With the BSC1 force field, phosphates are considered to be part of the nucleotide (as is standard). Because the terminal groups of DNA are different (i.e. 3'- and 5'- terminal residues), the names have to be different to associate the appropriate topology (i.e. list of bonds, atoms, etc.) and parameters. For DNA, the residue names used are DA5, DA and DA3 for a 5' terminal adenine, a non terminal adenine, or a 3' terminal adenine respectively. [A single isolated adenine nucleotide is DAN.]

So, with this in mind we can construct the input file required by NAB to build our 10-mer polyA-polyT DNA duplex in the Arnott B-DNA canonical structure. This program is given below. Basically, this is building two strands of A-T paired DNA. For more specific information about the various options, see the manual.)

molecule m;
m = fd_helix( "abdna", "aaaaaaaaaa", "dna" );
putpdb( "nuc.pdb", m, "-wwpdb");

Put the above into a plain-text file called nuc.nab.

Note: Before we run any of the programs provided with AMBER, we need to make sure the Unix shell environment variable that specifies where AMBER is installed is set properly. This is necessary for xleap and lets the system know where the executables are located ($AMBERHOME/bin).
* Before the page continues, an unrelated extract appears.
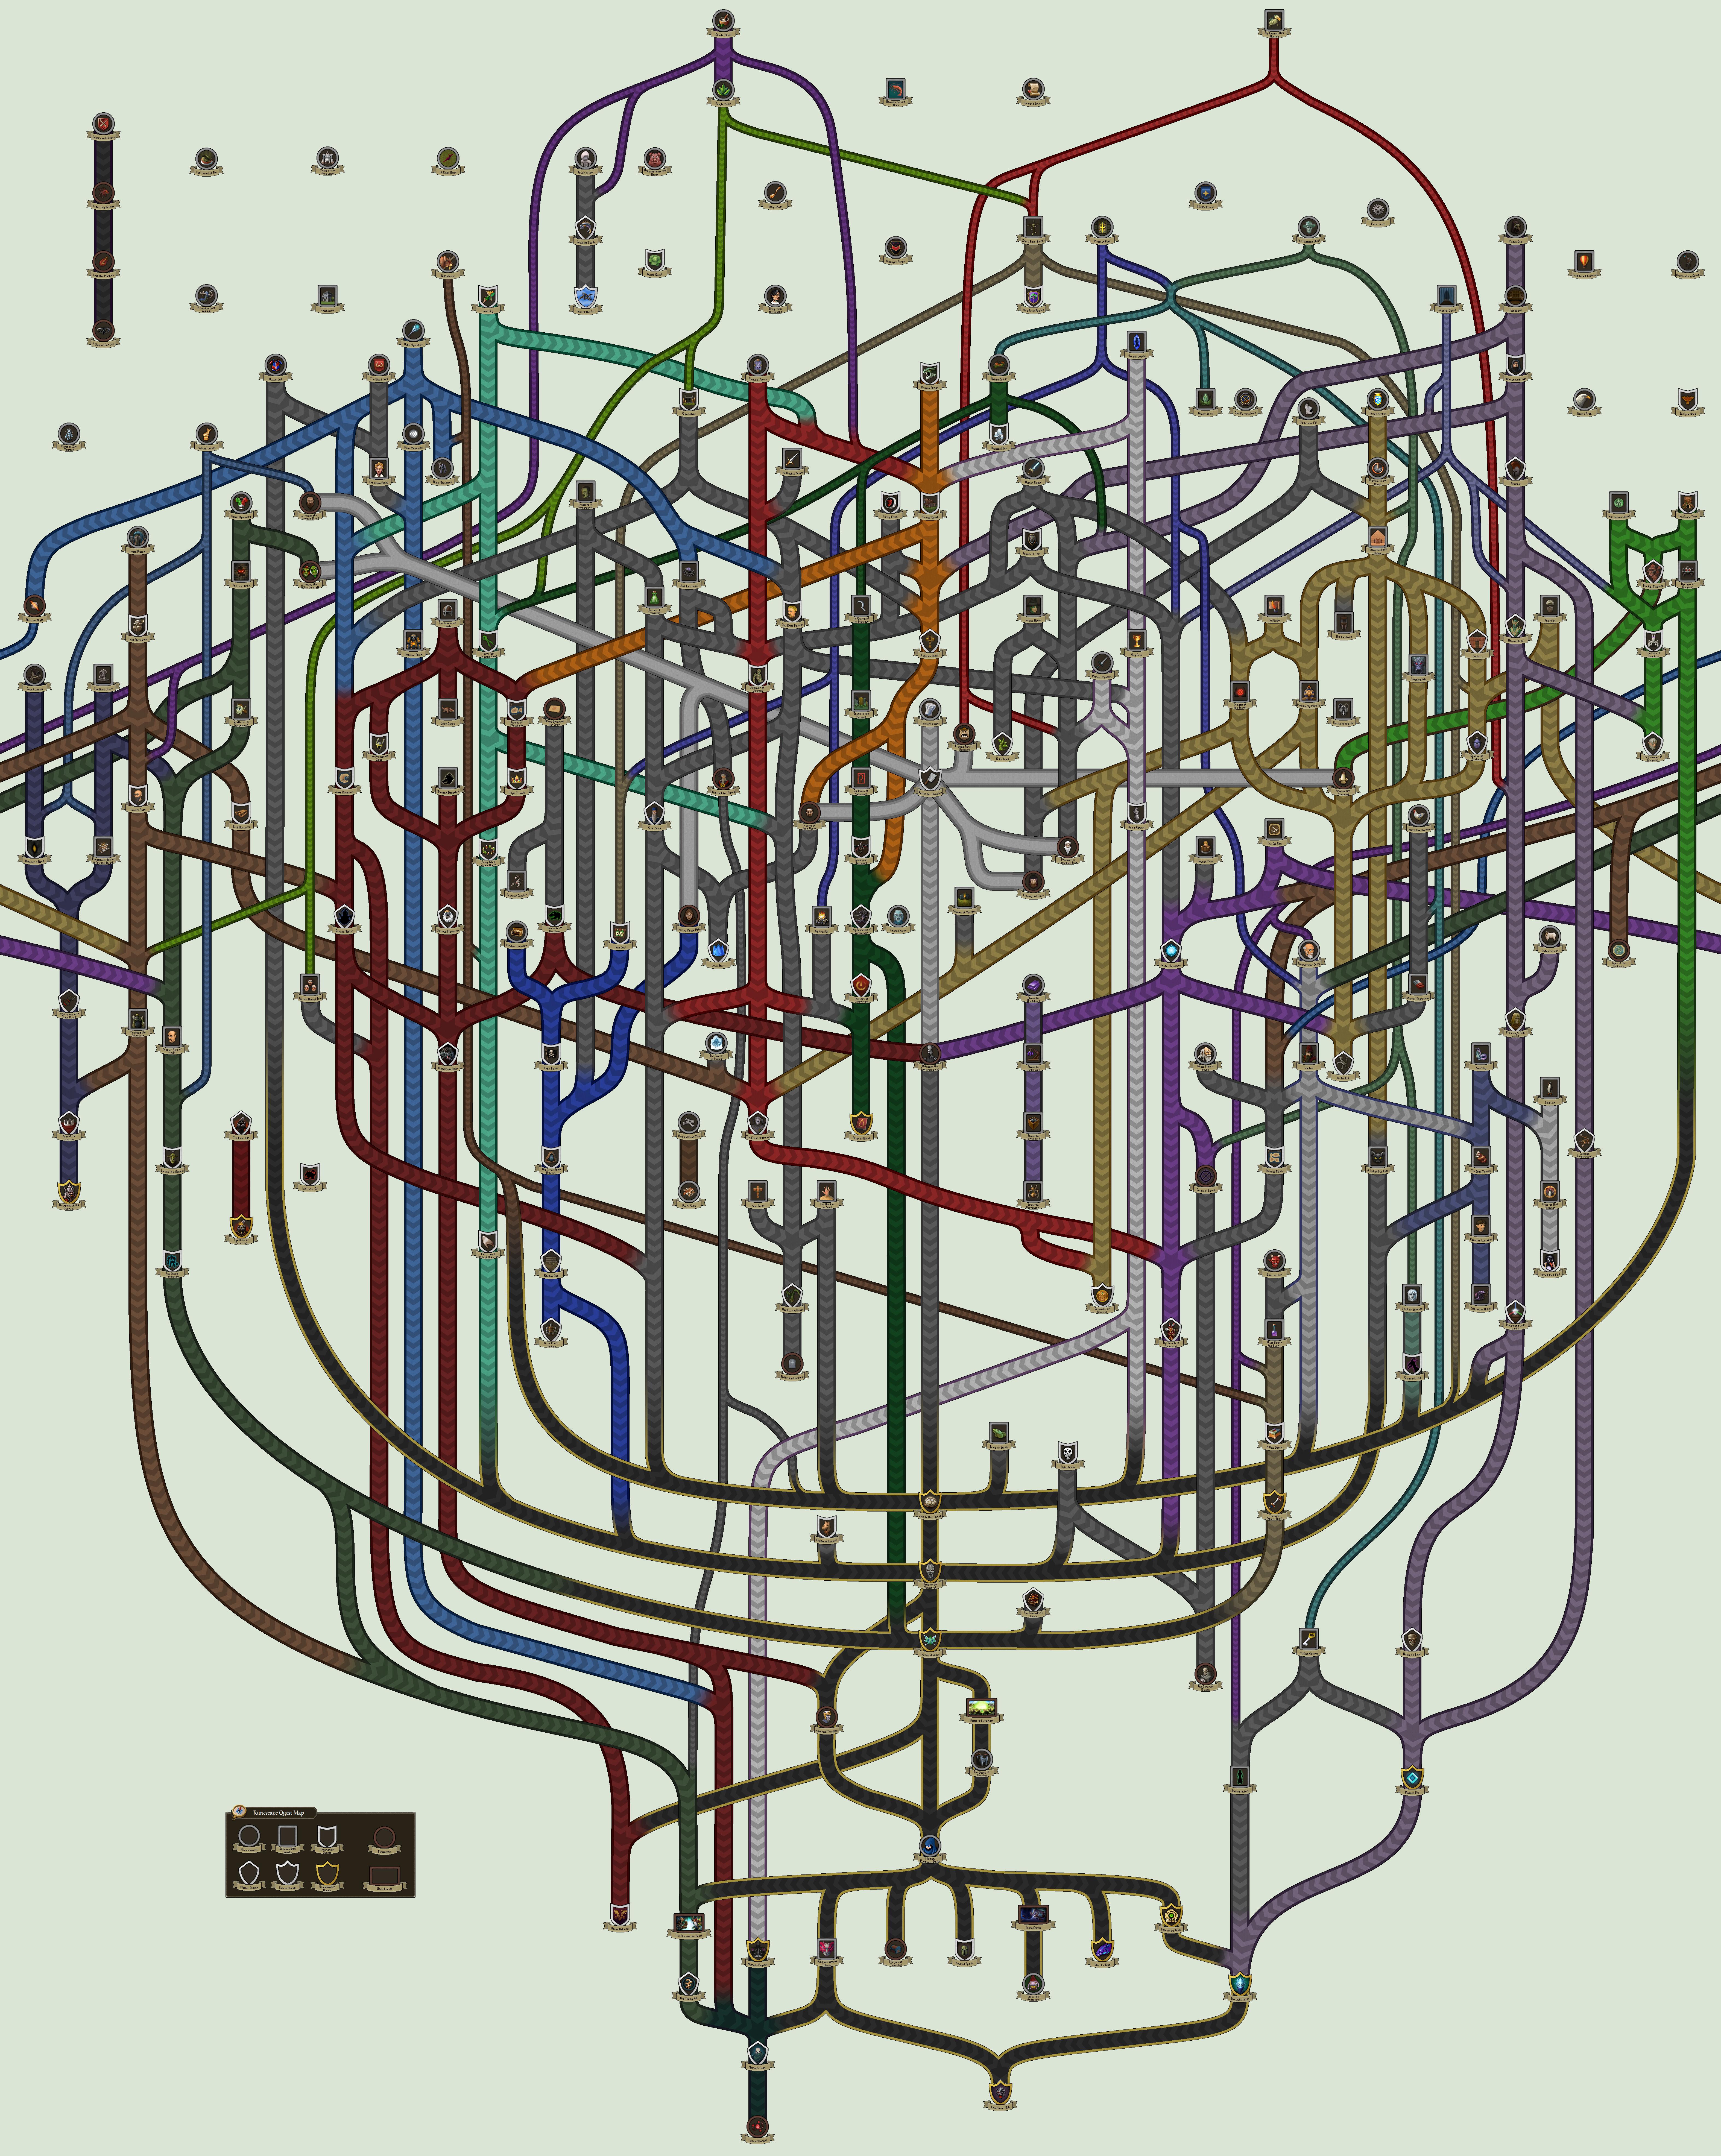 Runescape Quest Map by gamez-x on DeviantArt

If you are running bash, csh or tcsh check the AMBERHOME environment variable is set by typing:

echo $AMBERHOME

If you see:

AMBERHOME: Undefined variable.

(Using csh or tcsh) or simply a blank line (bash) then the AMBERHOME environment variable was not set properly and you need to initialize it to point to the AMBER installation directory. If AMBER is installed in /usr/local/amber14 then you would type:

setenv AMBERHOME /usr/local/amber14

(csh or tcsh) or

export AMBERHOME=/usr/local/amber14

(bash).

While you are at it, you may want to update your .cshrc (csh), or .bashrc (bash) file to define this variable and add the AMBER binary directory to your path (or list of directories searched for executables) at login. In your .bash_login file [or the global /etc/bashrc file] (if using the bash shell), add the following (substituting the correct path to AMBER):

export AMBERHOME=/usr/local/amber14
export PATH=$PATH:$AMBERHOME/bin

For further details on installation please refer to the AMBER manual.

Running NAB
To run NAB, you just type this:

nab nuc.nab
./a.out (Note: type "./a.exe" for Cygwin/Windows)

This should produce a nuc.pdb file, which is the model structure of our DNA duplex. It contains the Cartesian coordinates of all of the atoms in the duplex in locations determined from fibre-diffraction data. The file should consist of 640 lines with a single line for each atom, 638 atoms in total as well as two lines containing the word TER, one after the first 10mer chain and one at the end:

LINE DEFINITION	ATOM NO.	ATOM NAME	RESIDUE NAME	RESIDUE NO.	X	Y	Z
ATOM	1	HO5'	DA	1	-0.423	-8.150	-2.094
ATOM	2	O5'	DA	1	0.427	-7.826	-1.788
...	...	...	...	...	...	...	...

2.1.2) Loading the structure into Leap

The next step is to take a look at the model structure. It is always a good idea to look at the models before trying to use them. In this way problems can often be identified before running expensive calculations. xleap works fine for displaying models assuming that the appropriate residue definition files are loaded into xleap and the residue names in the pdb file are consistent with what xleap expects. Alternatively a range of freely available and commercial packages exist for viewing pdb files. A very good program, although not the only choice, is VMD (http://www.ks.uiuc.edu/Research/vmd/) which is freely available for academic research. For the moment we will stick to using xleap since this is what we will be using to create the input files for our simulations. Other methods of visualization will be covered in later sections of this tutorial.

In addition to residue names, xleap also requires information about the chain connectivity. Residues can be connected to other residues from both sides, only one side or not at all. In xleap lingo, the residue can have a "head" or a "tail" (or both).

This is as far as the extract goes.